The selectivity record Rwanda ignored while Kosovo acted upon, Yemen enabled while Libya targeted, confirmed that the norm does not activate when moral urgency is highest, but when strategic conditions align.
This dual character of humanitarian intervention must be held in view without resolving the tension it creates. The moral vocabulary is both indispensable, as it is the only available idiom for articulating obligations to strangers across state borders, and without it, the case for any international response to atrocity is weakened and consistently instrumentalised in ways that serve the interests of the powerful and reproduce the hierarchies it claims to challenge. The vocabulary cannot be abandoned without cost, and it cannot be trusted without scrutiny. That is the uncomfortable position the evidence demands.
In a multipolar era, this tension is sharpening rather than resolving. Rising powers, including China and Russia, and coalitions within the Global South increasingly contest liberal interventionism not primarily because they are indifferent to human rights, but because they recognise the norm as a mechanism of Western authority and a threat to their own sovereignty.
That recognition, whatever its own political motivations and whatever the human rights records of the states expressing it, is analytically accurate. The norm has functioned as a mechanism of Western authority. Contesting it on those grounds is not simply bad-faith obstructionism; it is a response to a real structural feature of the norm’s operation.
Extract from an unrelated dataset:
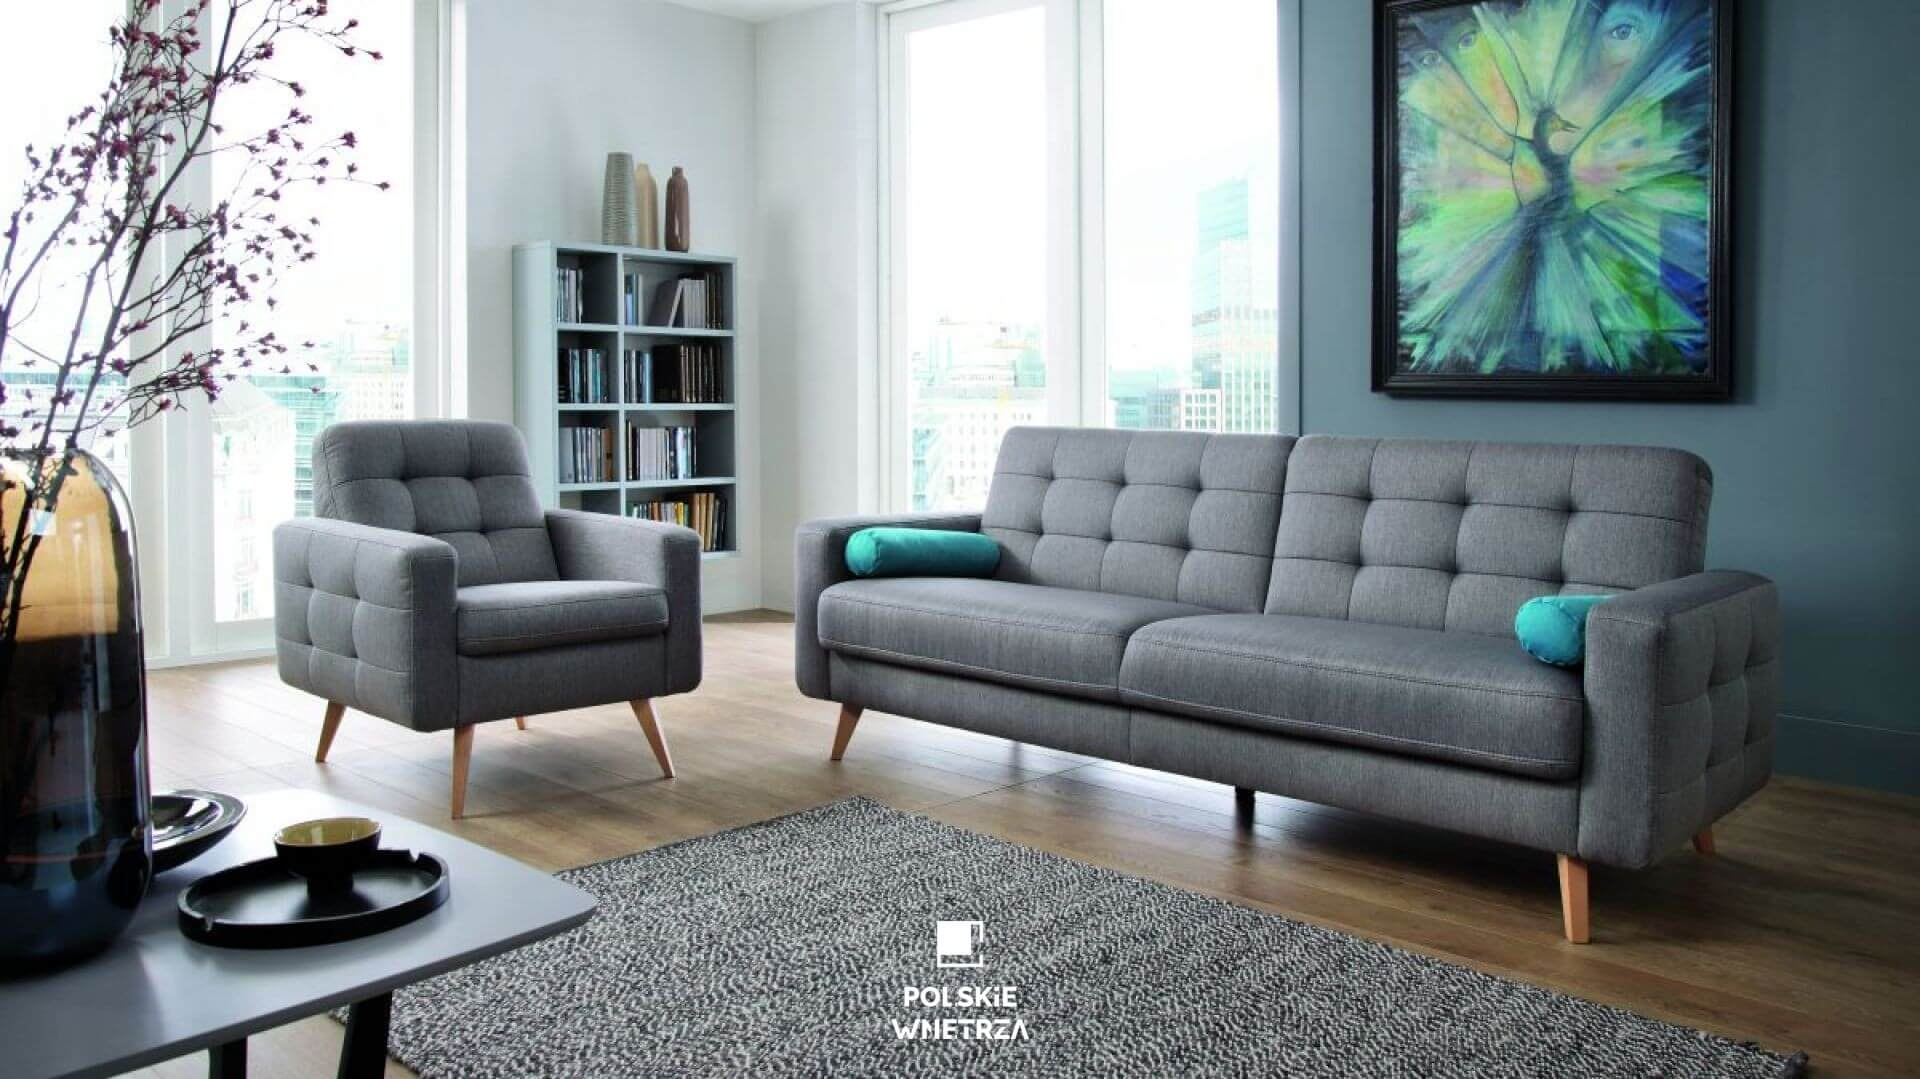 Polskie Wnętrza - Porada - Jak wybrać rozkładaną sofę do młodzieżowego pokoju? Sweet Sit

Reforms are possible and worth pursuing. Stronger multilateral authorisation thresholds that require broader consensus before force is authorised could raise the political cost of unilateral action dressed up as collective responsibility.
Independent monitoring mechanisms that track compliance with intervention mandates could reduce the scope for the kind of mandate creep exemplified by Libya. Clearer legal constraints on the relationship between civilian protection and regime change could limit the distance between what is authorised and what is executed.
Meaningful accountability frameworks that impose genuine political and legal costs on intervening powers for post-intervention outcomes could create incentives for longer-term commitment and against the short-termism that has characterised most interventions examined here.
None of these reforms will eliminate the power asymmetries that are the root cause of the pattern documented in this blog. What they can do is raise the political cost of hypocrisy and, in a domain where moral language is the primary instrument of legitimation, where the capacity to appear ethical is itself a form of power, raising that cost is not a trivial achievement.
Until the architecture of global power is genuinely democratised, however, humanitarian intervention will remain what it has historically been: an instrument of the strong, dressed in the language of the universal. What appears as moral obligation is, in practice, discretionary power, and the distance between those two things is where the politics lives.